Although the bounties generated a vast increase in thylacine corpses and skins, the number of attacks on chickens and sheep didn’t appear to diminish:

“A second bounty scheme began in 1840–but again, the records give no real indication that either the bounties or the tiger men were necessary at all, and the suspicion must arise that invented or greatly exaggerated ‘ravages’ of ‘savage’ thylacines against the flocks conveniently masked the true nature of the Company’s pastoral failings.”

In other words, would-be shepherds who had failed in their endeavours tried to cover up their shortcomings by blaming the “savage” predator known as the Tasmanian tiger. The thylacine became a convenient scapegoat for man’s inability to tame the wilds of Tasmania. Thylacine scholar Robert Paddle notes that:

“‘at no stage in any of the official annual reports on the state of the [sheep] industry during these crucial years was the thylacine mentioned even as a minor problem of significance to sheep farmers’.” (bracketed text in original)

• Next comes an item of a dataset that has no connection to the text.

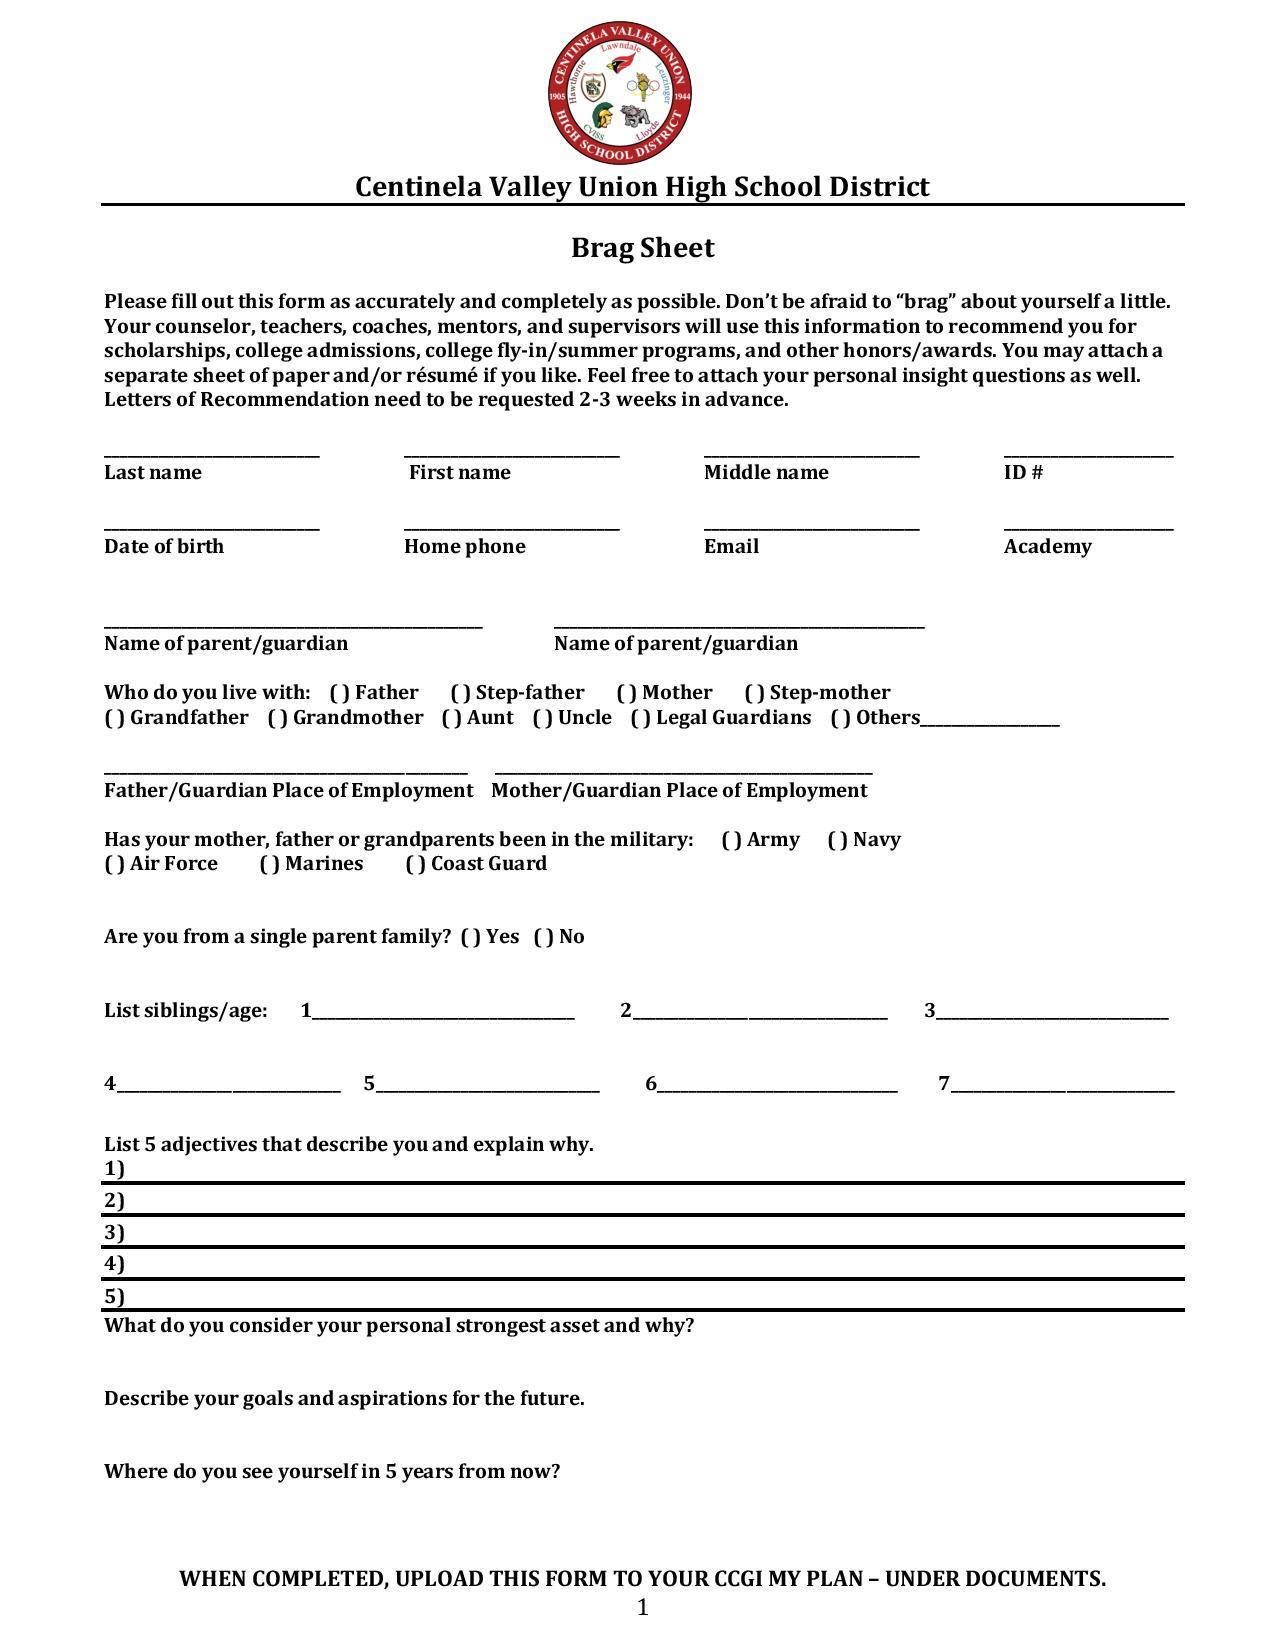 Brag Sheet Letter Of Rec Counseling Lawndale High School

Thus the authorities knew from these reports that thylacines weren’t decimating the flocks, yet still they continued to offer bounties on their bodies. Meanwhile, the real predators continued to attack.

In the early twentieth century conservationists began to take notice, and zoos especially wanted thylacine specimens in their menageries. Zoos were offering more money for a living thylacine than the Tasmanian authorities were, so trappers caught the animals and shipped them around the world. As the last living thylacines were leaving the island, the government sat back and let it happen. They only wanted the animal eradicated:

“The animal was neither pest nor vermin but was singled out of its environment for the apparent economic betterment of the few, by a conservative mindset demanding the continued conquest of wilderness. That Tasmanians were unable to save it from extinction–that they did not even try until well into the twentieth century–eventually spread an enormous pall of guilt, regret and sorrow.”

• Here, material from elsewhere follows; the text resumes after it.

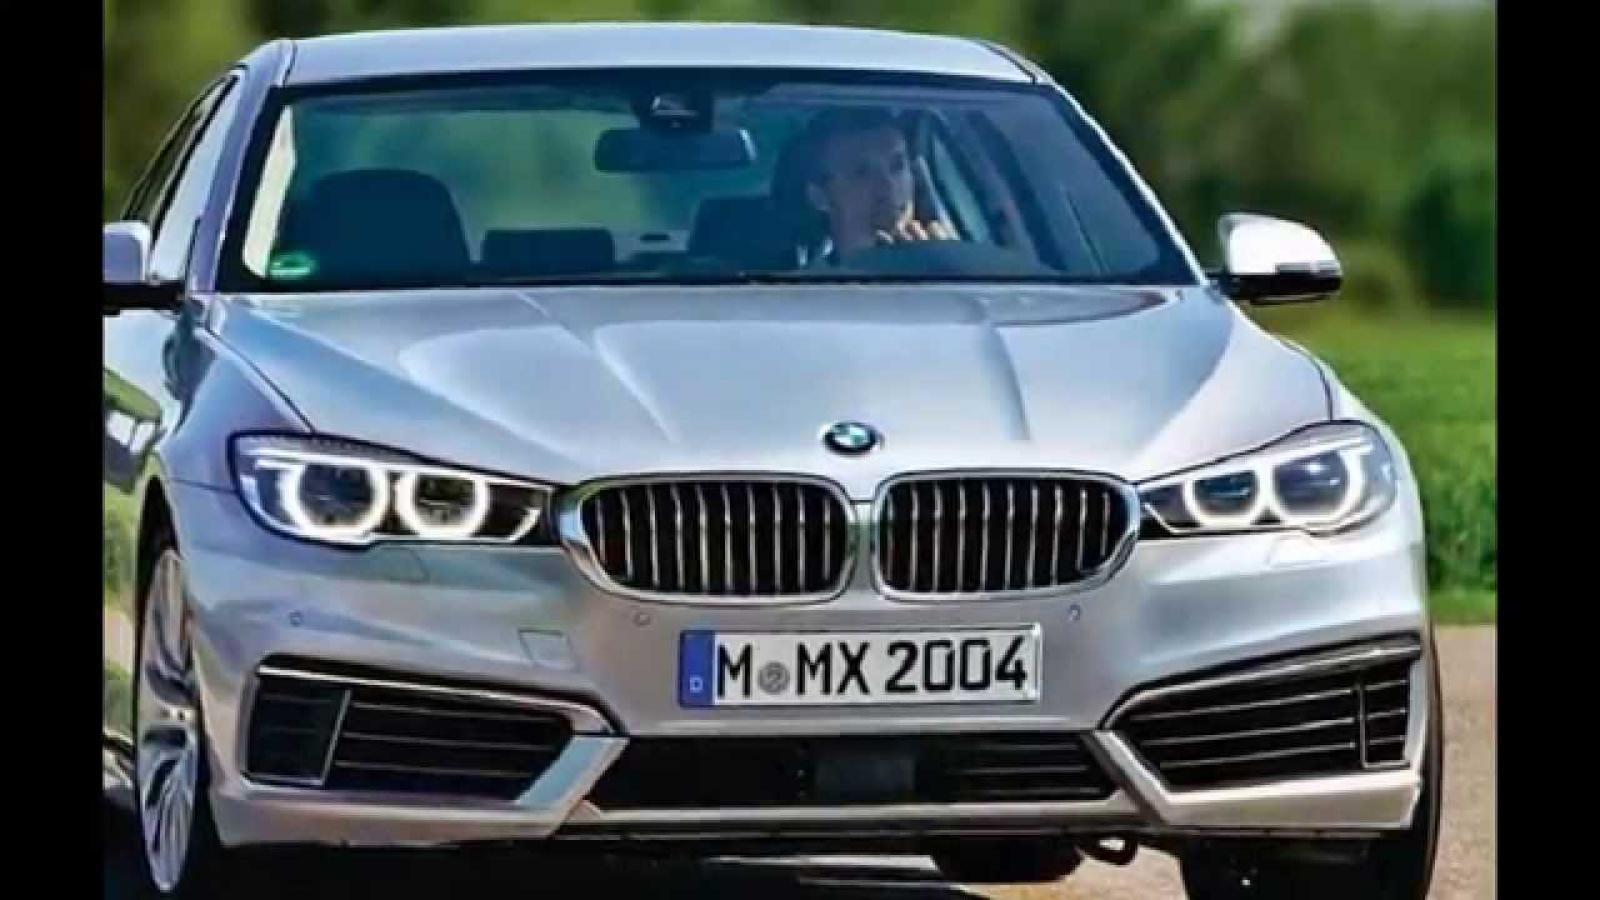 800 1024 1280 1600 Origin 2015 BMW ...

There was no legislated protection on the books until the animal was on its last legs–and if there was ever a more literal statement, that’s it. For once the conservationists finally got their thylacine protection law passed, the animal had only limited time. Legislation could not possibly have saved it. However, enter the twenty-first century, and a new saviour awaits: cloning. Fetal thylacines which had been preserved in ethyl alcohol have been used in experiments to try to revive the species. The chance that thylacines will once again roam Tasmania seems remote and the odds are definitely stacked against it. Since reading this book but before writing its review I have conducted some of my own research on thylacine cloning and the time quoted for the first thylacine clone seems a gross overestimation in optimism:

“Begun in 1999, the [cloning] project, with museum director Mike Archer at the helm, aims for a successful completion by 2010.”

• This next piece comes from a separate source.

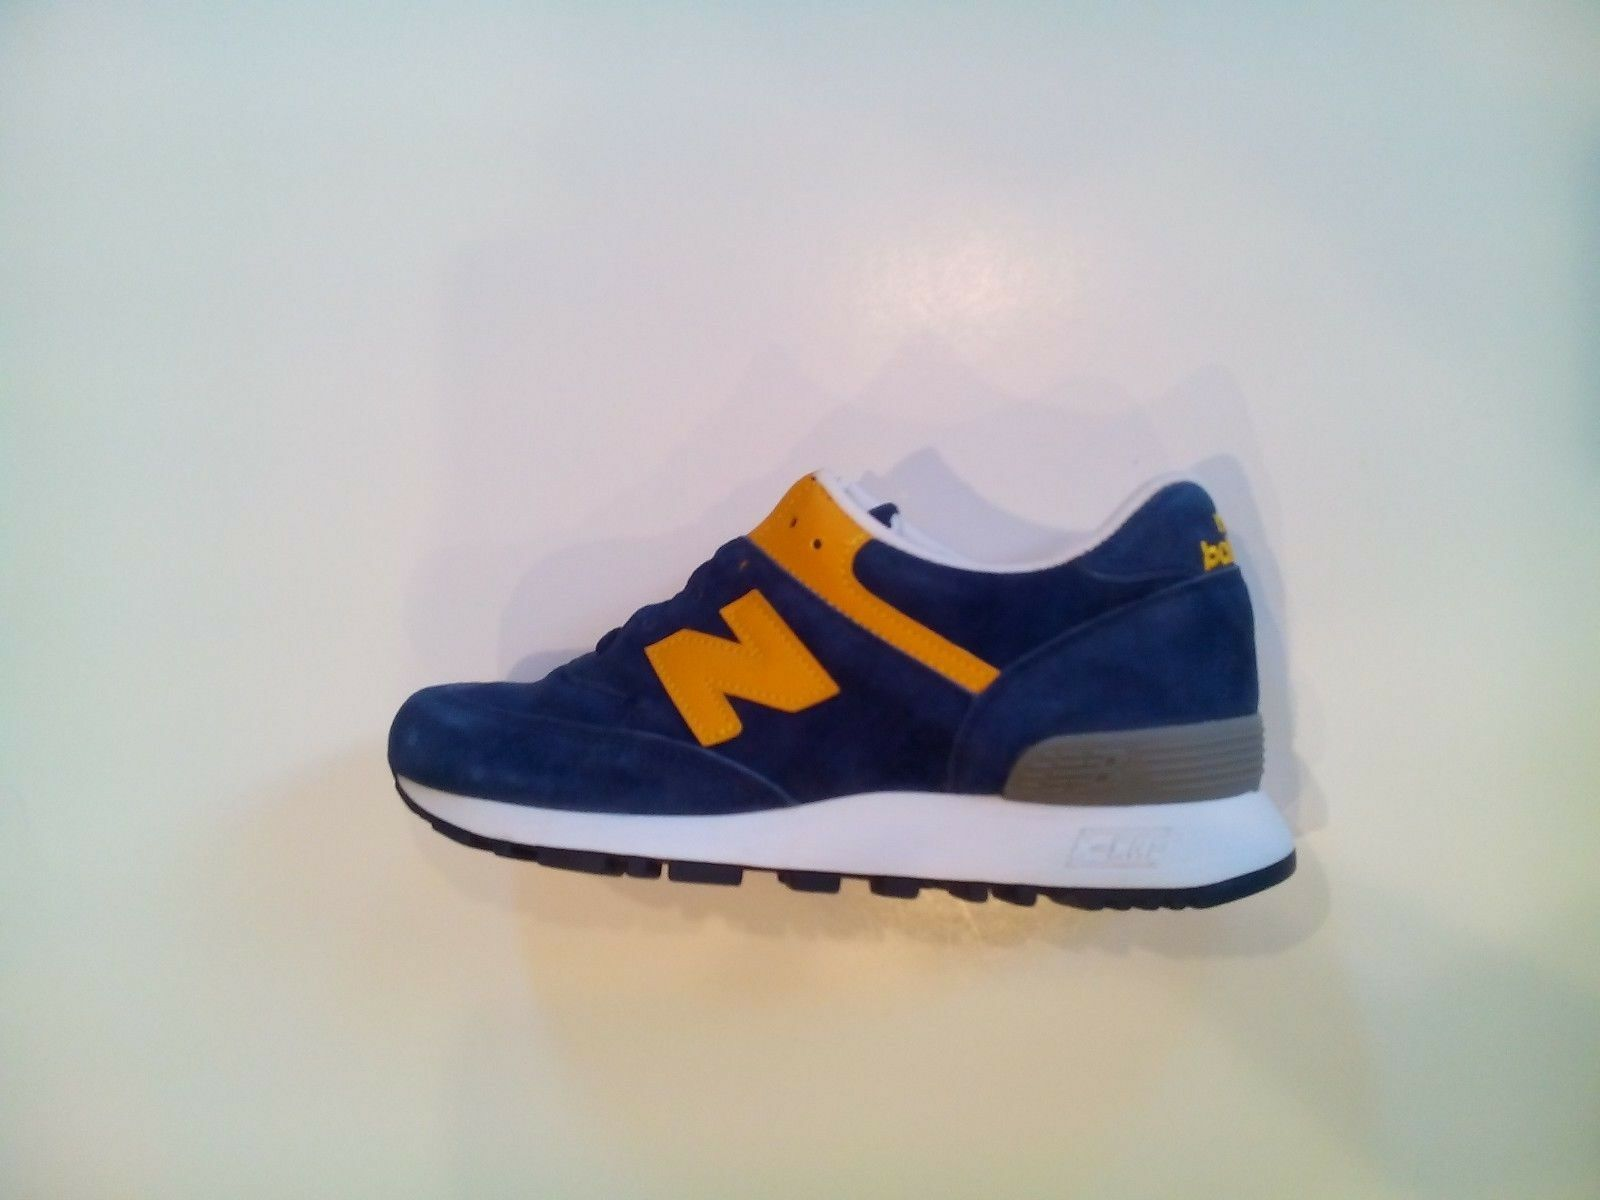 New Balance Wmns 576 UK NB women shoes NEW  Blue  W576-PBY SZ-6.5

I am not confident that thylacines will ever be cloned, even though some of their DNA had been extracted from the preserved fetuses. I am of the belief, which Owen raises, that when faced with the possibility of cloning a species which humans have rendered extinct, humans should leave the species extinct.

Tasmanian Tiger was an exciting read, and I am happy that Owen devoted chapters to the prehistory and later European settlement of Tasmania. We learned how the thylacine got to Tasmania and how its Australian ancestors became extinct as well. Owen wrote about marsupials in general and how they found home as well in North America. The story of the thylacine could not be told without also telling the story about the colonists and their campaign to eradicate it. A chapter was devoted to thylacine sightings, and while optimistic–the scientific consensus is that the last thylacine did not die (in captivity) in 1936 and that there were probably small pockets of thylacines still roaming the wild for a good ten years after–since there have been no confirmed sightings or evidence of the creature for some eighty years, the thylacine is definitely extinct.